🗨️「高潮の浸水想定区域に入っている土地は、家を建てるのに制限がかかるのでしょうか」
高潮浸水想定区域そのものには、建築の制限も開発の許可制もありません。根拠になっている水防法を最後まで読んでも、建ててはならないという条文は1つも出てきません。建てることを止められるのは、同じ「高潮」という言葉を使っていても建築基準法第39条の災害危険区域のほうです。
[災害] この記事の要点
2026年9月19日 発表
- 海の近くの土地を買おうとしていて、高潮浸水想定区域に入っていると言われた人
- 自分の家が高潮のハザードマップで色のついた場所にあると気づいた人
- 高潮浸水想定区域図が新しく公表されて、自分の土地の扱いが変わるのか心配になった人
指定しているのは都道府県知事で、目的は逃げることです
高潮浸水想定区域を決めているのは、市役所ではなく都道府県知事です。根拠は水防法の第14条の3で、条文の書き出しはこうなっています。
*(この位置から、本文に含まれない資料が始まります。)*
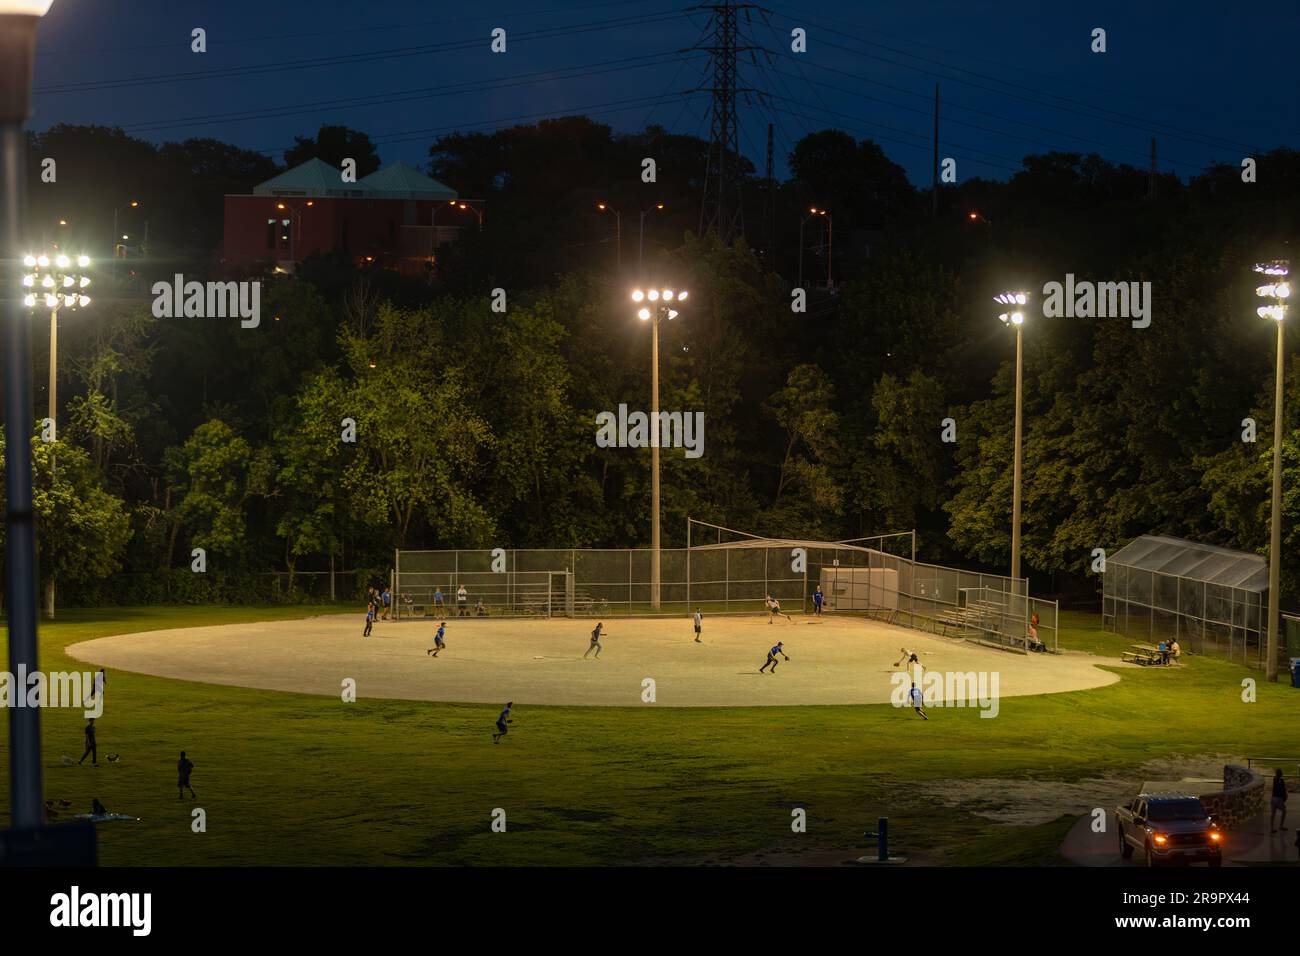 ¡Juega a la pelota! Un partido de béisbol de la liga de recreación se juega bajo las luces en un gran parque en Toronto en una buena noche de verano Foto de stock
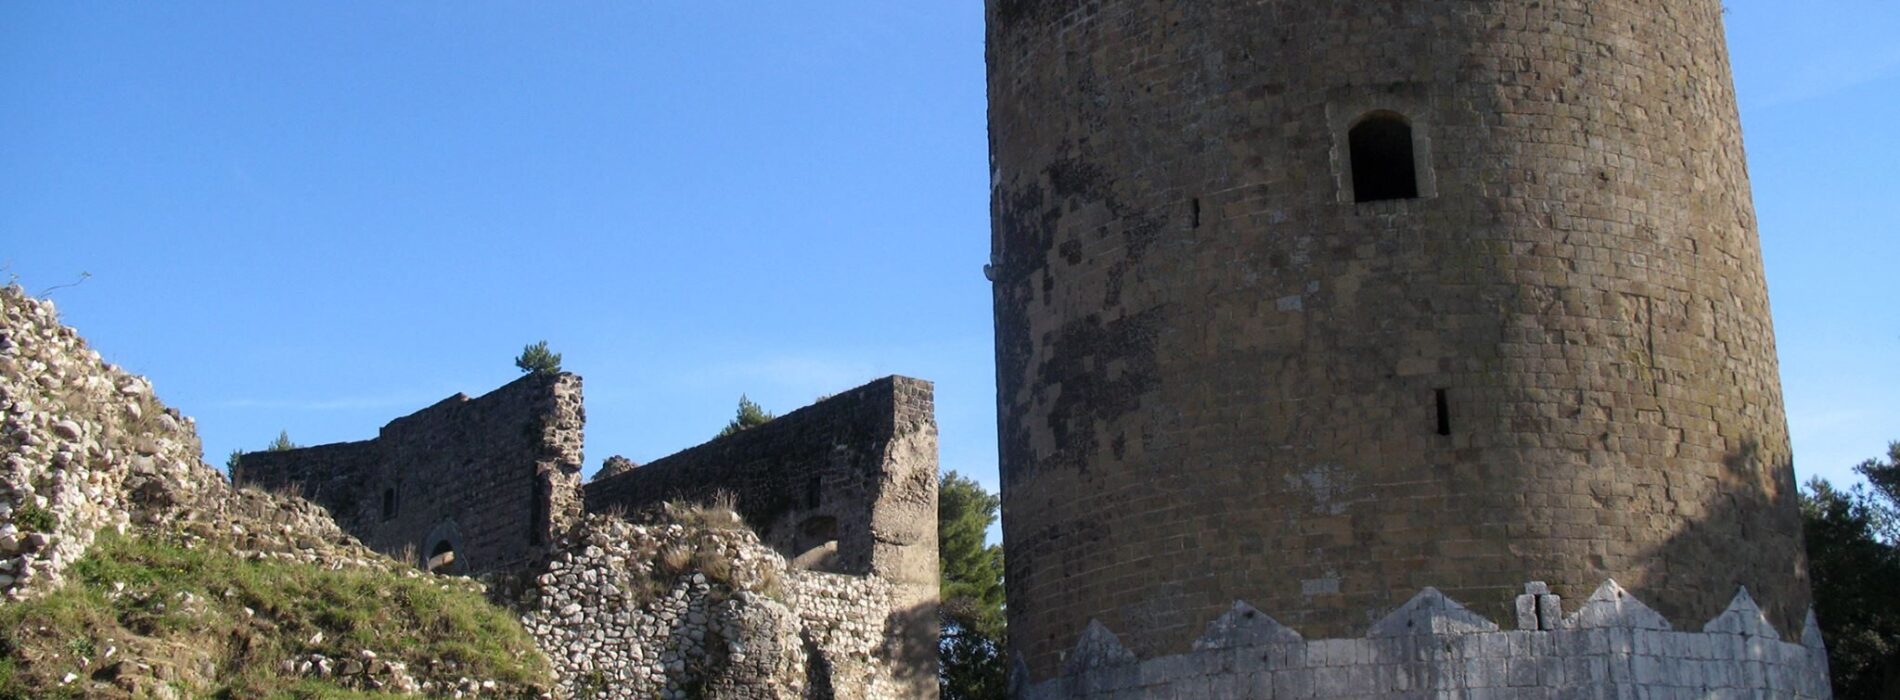 Castello di Casertavecchia, qui la chioccia con i pulcini d’oro

都道府県知事は、次に掲げる海岸について、高潮時の円滑かつ迅速な避難を確保し、又は浸水を防止することにより、水災による被害の軽減を図るため、国土交通省令で定めるところにより、想定し得る最大規模の高潮であつて国土交通大臣が定める基準に該当するものにより当該海岸について高潮による氾濫が発生した場合に浸水が想定される区域を高潮浸水想定区域として指定するものとする。
水防法 第十四条の三 第一項(e-Gov法令検索)
長い一文ですが、目的は真ん中に書かれています。「高潮時の円滑かつ迅速な避難を確保し」。この区域は、高潮が来たときに人が逃げられるようにするために引かれたものです。そして条文はそこで終わります。区域の中で家をどうしなさい、という話は続きません。
もう1つ、「想定し得る最大規模の高潮」という言い方も見ておいてください。毎年来るような台風ではなく、その海岸で考えられるいちばん大きな高潮を前提にした図です。だから区域は広く引かれます。広いことと、そこが建てられない土地であることは、別の話です。
水防法を最後まで読んでも、建ててはならないとは書いていません
水防法の全文を通して読むと、建築や開発を制限する条文が出てきません。「建ててはならない」という言い回しも、「許可を受けなければならない」という言い回しも、法律の中に1つもありません。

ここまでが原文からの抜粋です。